I've been working with embeddings a lot the last few months. I got really intrigued by some of those old "king/queen" videos and wanted to see if the gpt embeddings showed the same properties.
Those old gensim videos showed how vector arithmetic could represent somewhat of a semantic transformation when working with word2vec and glove embeddings. To reproduce with modern embeddings, the software I've written has a fairly extensive set of vector operations: magnitude, dot product, 7D curl (IYKYK), etc...
I've implemented a data reduction feature using tSNE. Mulling over adding uxmap.
Mostly, I am interested in operating on blocks of texts, but to test my setup I wanted to reproduce what I'd seen with the word2vec embeddings.
This software will read the text and binary files like those in the nlpl repository (http://vectors.nlpl.eu/repository), which are the only ones I've ever used. Currently, embeddings are read from the file on-demand and put into a database. The idea here is that relatively few embeddings will be of interest and once in the database, there is no need to spend time parsing the file.

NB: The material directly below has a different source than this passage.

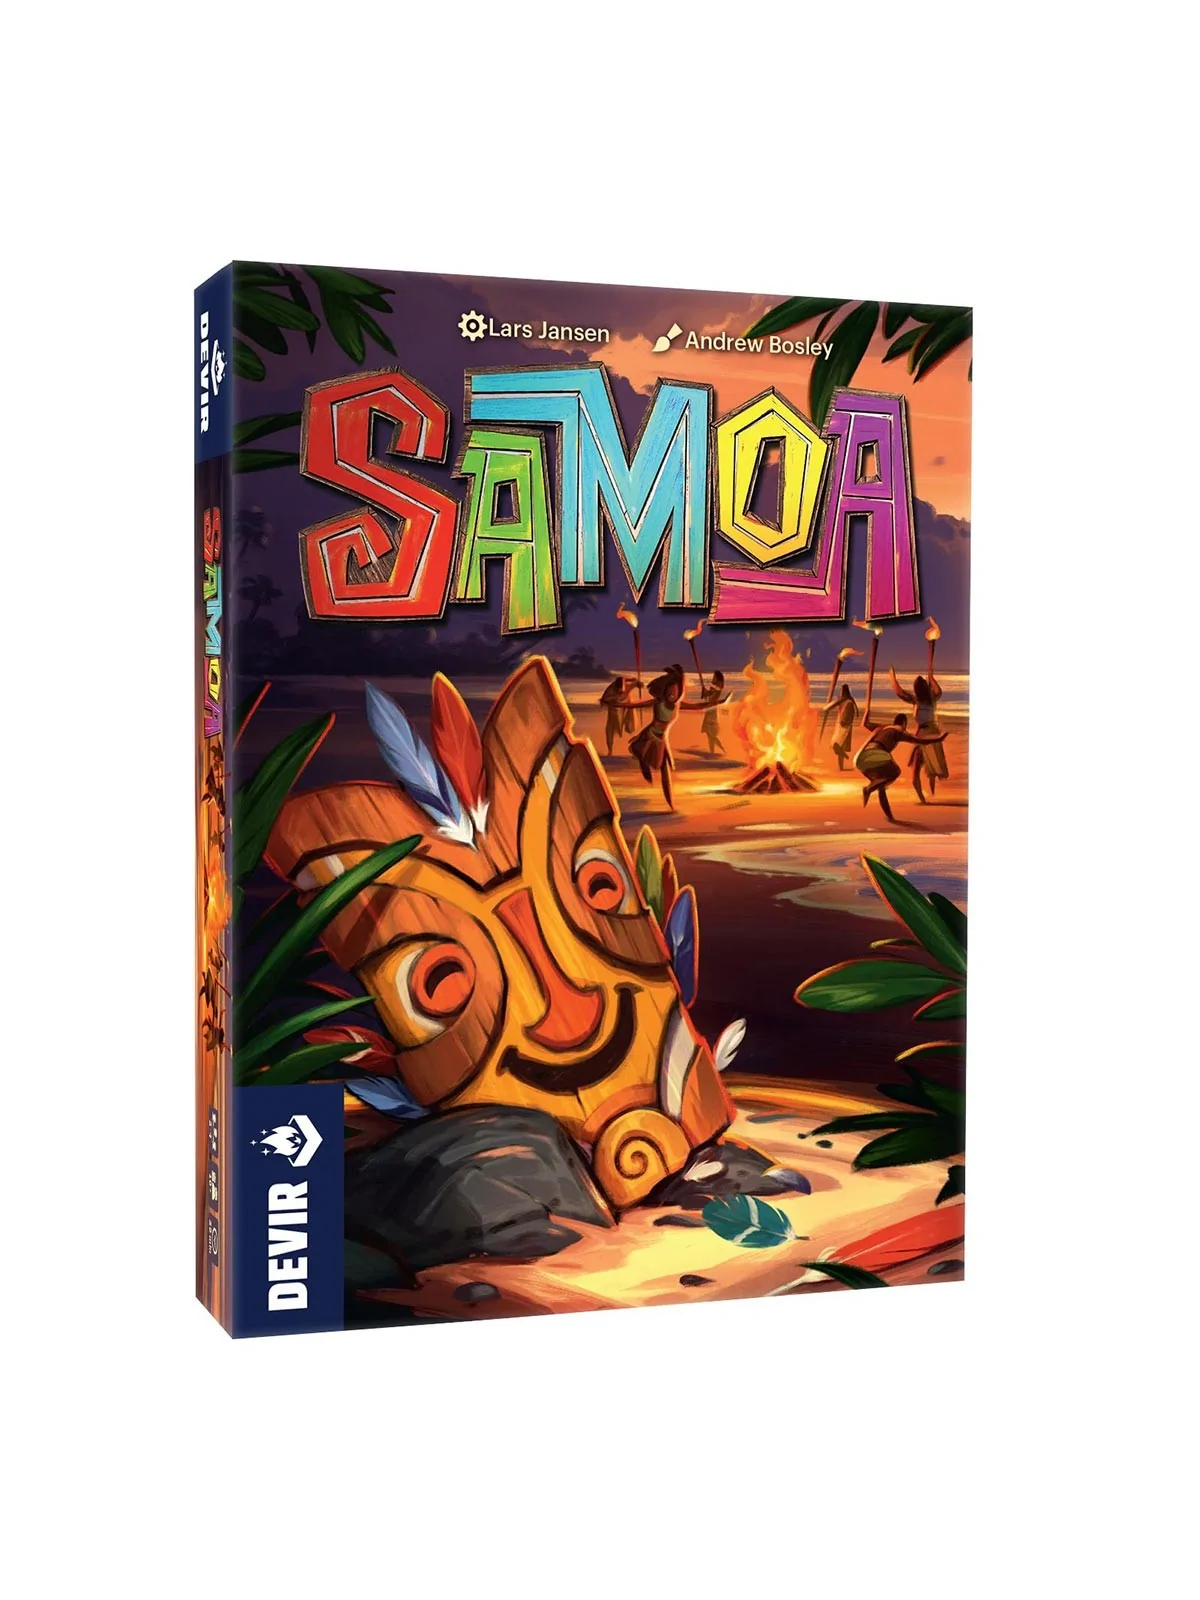 Comprar Samoa barato al mejor precio 8,49 € de Devir

Nearest neighbors are only among those embeddings in the database, unlike with gensim which provides a list of the top 5 or 10 closest matches in the entire vocabulary. Such a thing has no applicability when using the OpenAi embeddings api with blocks of text but, I still think it would be nice to have so I will probably implement some kind of FAISS/ANN scheme.
I am releasing a version of the software that works with the nlpl files (http://vectors.nlpl.eu/repository), even though feature-wise it lags behind gensim for the target data. But if you want to play around with that data and don't want to deal with Python, you are welcome to use it.
Most of what I've done was with the GoogleNews-vectors-negative300.bin file and the English CoNLL17 corpus embeddings.